It will take us two to three weeks to complete the trenching and collect the samples. Samples will be shipped to certified assayers located in Montreal, Canada. It will take another two to three weeks to obtain results from the lab. We will plot all sample locations on enlarged topographical maps and provide GPS with these locations.
Funds will be used exclusively for trenching, grid installation, metal detection, sample collecting, supplies, shipping, lab costs, meals, motels, truck fuel and labor.

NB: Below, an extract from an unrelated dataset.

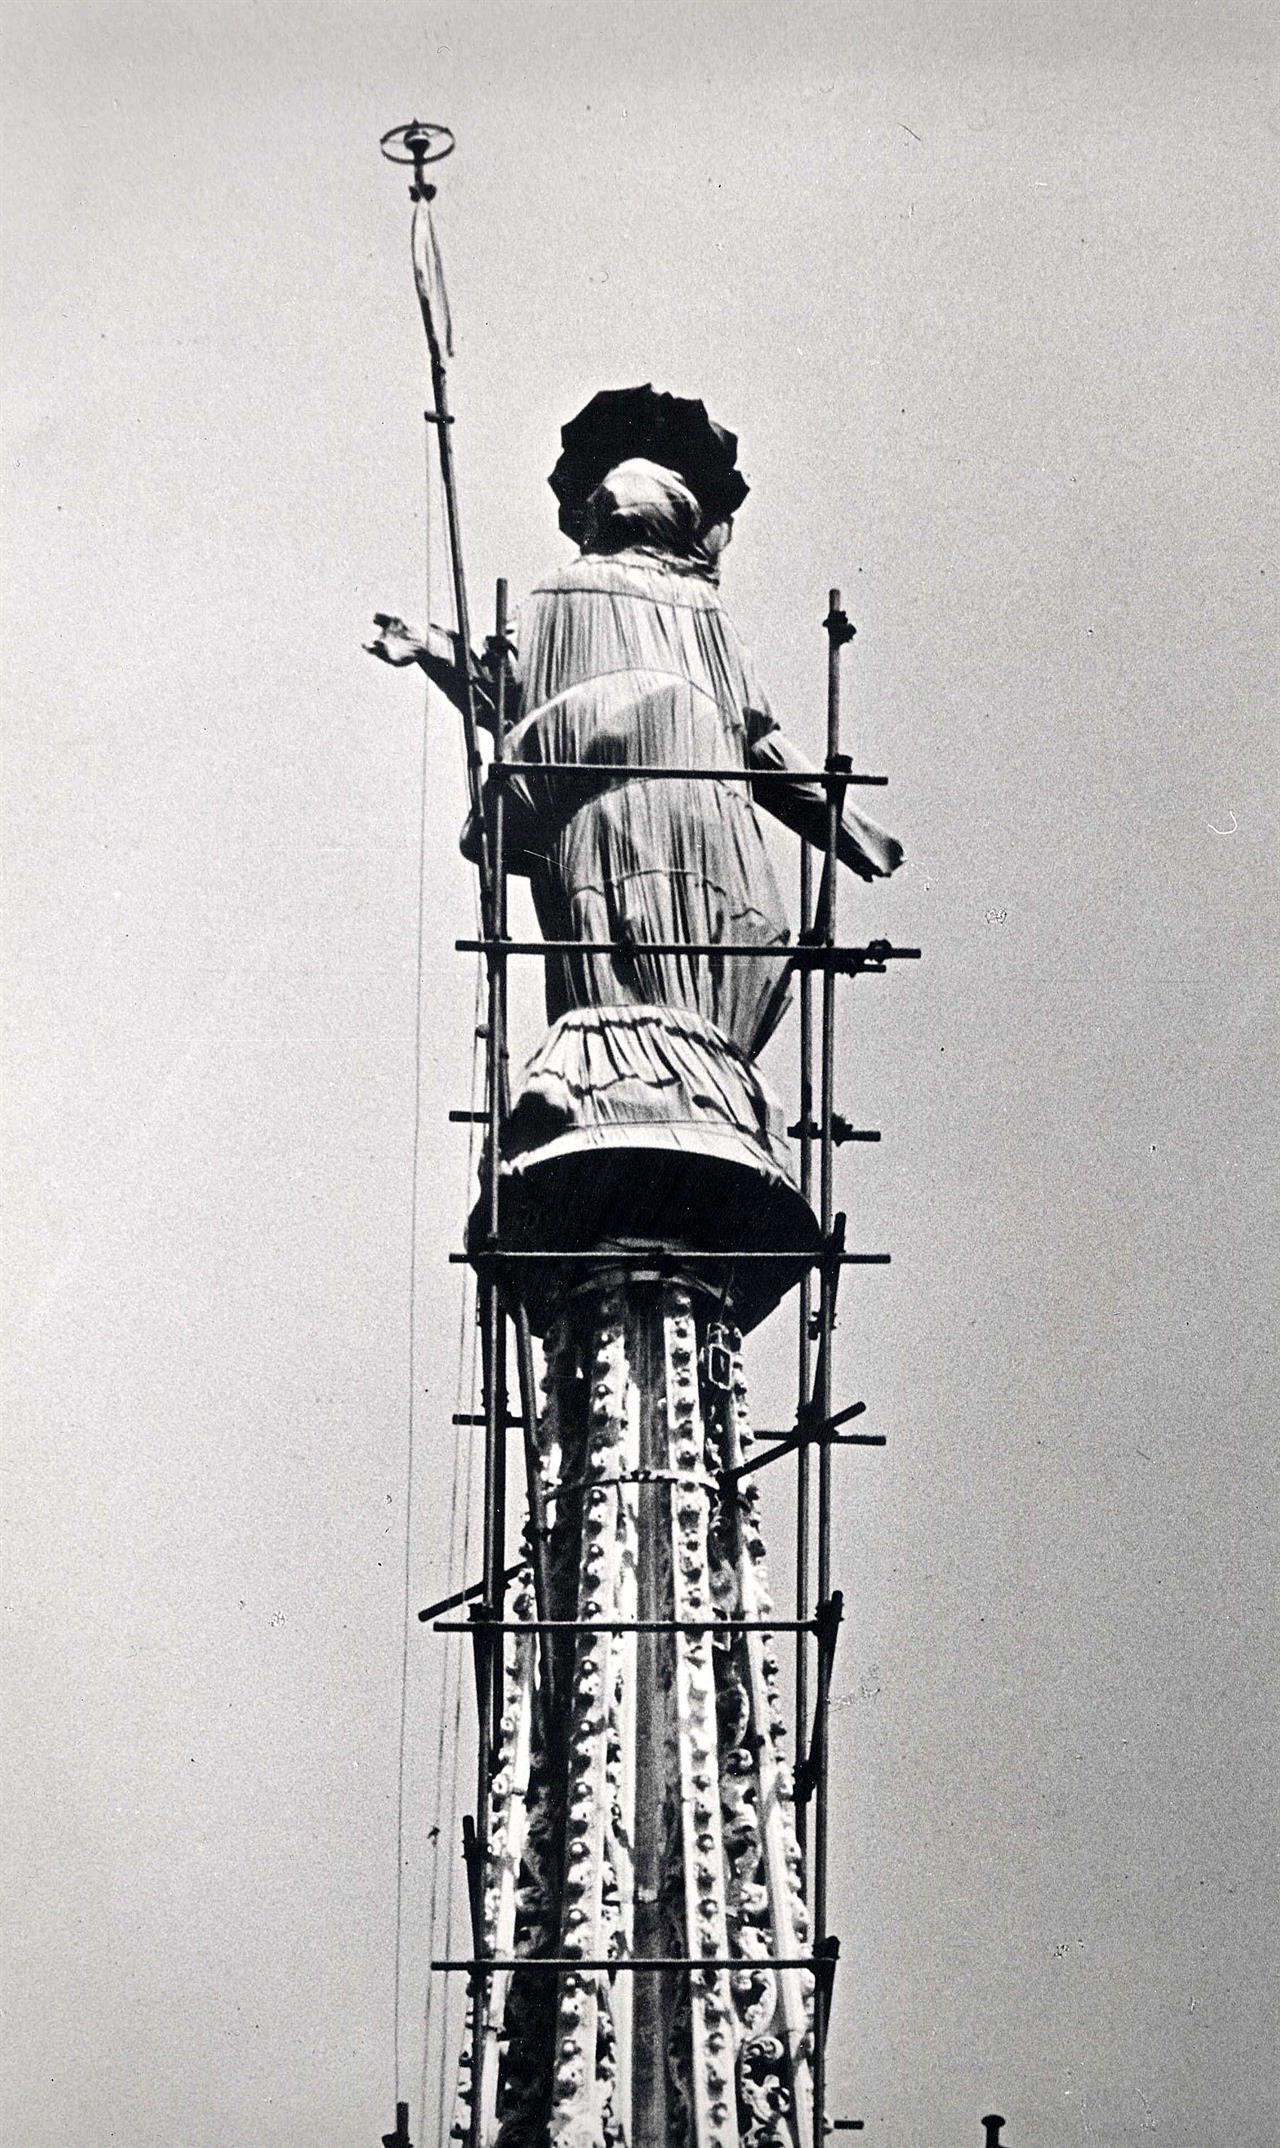 MADONNINA COPERTA PER INCURSIONI AEREE 21 6 1940 FV

We must conduct exploration to determine what amount of minerals, if any, exist on our properties and if any minerals which are found can be economically extracted and profitably processed.
The property is undeveloped raw land. Exploration and surveying has not been initiated and will not be completed until we raise additional money. That is because we do not have money to complete exploration.
Before minerals retrieval can begin, we must explore for and find mineralized material. After that has occurred we have to determine if it is economically feasible to remove the mineralized material. Economically feasible means that the costs associated with the removal of the mineralized material will not exceed the price at which we can sell the mineralized material. We can't predict what that will be until we find mineralized material.
We do not claim to have any minerals or reserves whatsoever at this time on any of the property.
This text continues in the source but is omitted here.